The key to a successful investment is taking advantage of opportunities with potentially high rates of returns with the lowest risk of investment. Additionally, that key must be gripped by a patient hand. Investing is a skill that needs to be honed and perfected over time in order for it to be used properly. Investment isn’t a get-rich-quick scheme and vice-versa. At least, investing shouldn’t be treated in such a manner strategically.
These were nuggets of investment advice that I recently received from a friend of mine who is also an investment manager. He doesn’t charge me and always makes himself available to my questions. Still, at the risk of sounding ungrateful, its advice that only takes me so far. After all, I then have to take that advice and take a chance on losing my investment.
Like most people with a house, car, and family, I am working with scared money. There are mortgage payments, car payments, grocery bills, insurance premiums, and all kinds of regular bills to worry about. The average American only makes about $56,000 by some estimates. Meanwhile, household expenses for some families can top $60,000 annually, easily.
Risk of Inexperience
Who doesn’t want to be an investor? Unfortunately, that kind of attitude is the main problem with the investing strategies of novice and expert investors alike today. We live in an era where people think they will expedite their potential investment returns quickly and easily. And, the only way to invest is via a hot tip. I don’t like admitting it, but just choosing a stock or company to invest in can be an almost impossible task.
The wages of investment are not as high as they used to be nowadays. You can invest with as little as $500 or $1,000, or even less if you invest in the right penny stocks. However, that is the problem. The wrong or hype-influenced investment can lead to a full investment wipeout. As I stressed before, I am playing with scared money. Still, I’ve also learned that one of the most reliable financial investments one can make is in United States Treasury bonds.
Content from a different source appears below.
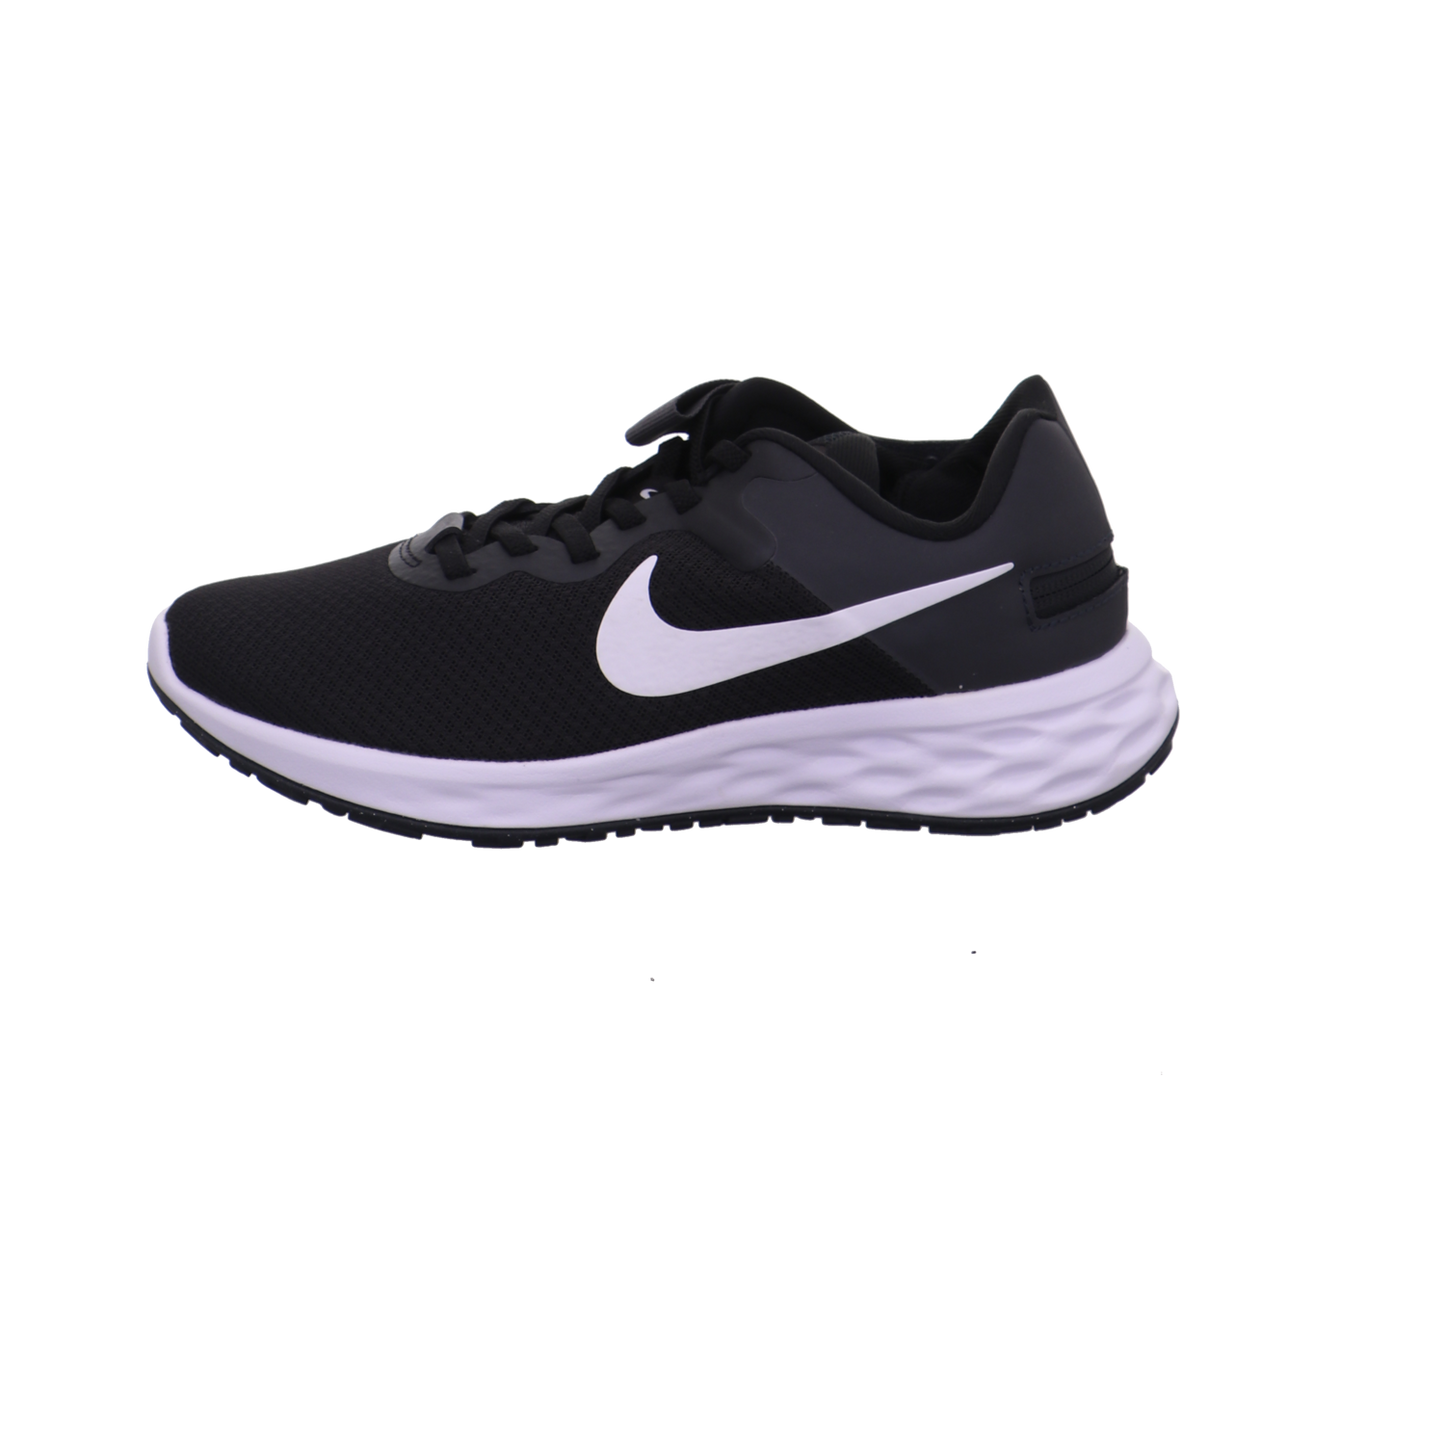 Nike Training und Hallenschuhe schwarz kombi Bild1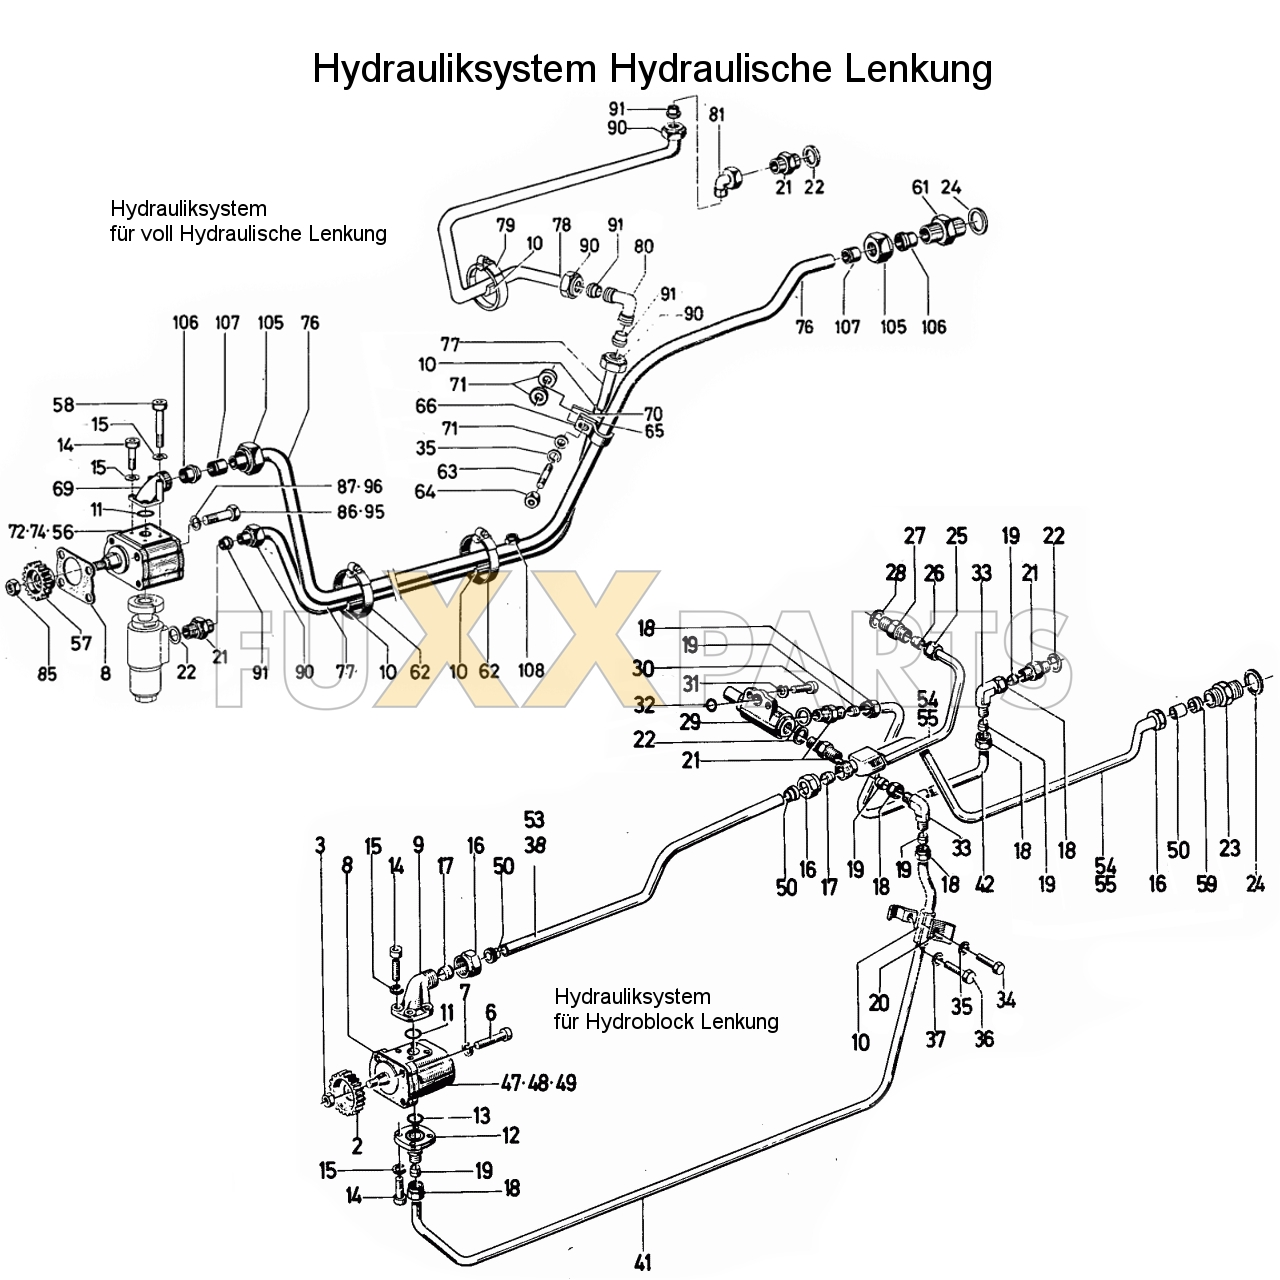 D 6806 Hydrauliksystem Hydraulische Lenkung

United States Treasury Bonds: A Reliable Investment
Why should you invest in U.S. Treasury Bonds, also called T-bonds? Well, T-bonds are easy to understand and are extremely low-risk investments. They are also the only investments around that are practically guaranteed to produce returns, albeit modest ones. However, T-bonds are a much safer bet than any hot stock tip or hyped-up investment strategy
A T-bond is basically a loan to the United States government. When you buy a T-bond, you are loaning the United States government money to fund its federal initiatives. You can buy T-bonds for 10-year, 20-year, and 30-year terms. The interest rate on T-bonds, also known as the “coupon rate,” accrues twice a year. However, you shouldn’t cash out a T-bond until after its maturity date.
In other words, if you buy a 30-year T-bond, you shouldn’t cash it out until 30-years from now. If you do, beyond paying any penalties, you lose any potential interest that would have accrued over 30 years. Currently, the coupon rate for a 30-year T-bond is about 2.53%, added twice a year, as of this writing. That may sound like a conservative rate of return, but it virtually guaranteed compared to blindly investing in a stock or company based on a hot tip or gut instinct.
United States Treasury Bonds, as well as T-bills and T-notes, which are the essentially the same thing except with shorter maturity dates, are sold by the U.S. Department of the Treasury through Treasurydirect.gov. Original bonds are sold through public auction during February, May, August, and September only. Reopening auctions of additional bonds are sold during all other months. You can bid yourself or through a broker.
Investing in U.S. Treasury bonds is a great way to start an investment portfolio in unreliable, uncertain, and volatile stock market atmosphere. Don’t forget that interest rates payments for T-bonds are exempt from local and state taxes as well.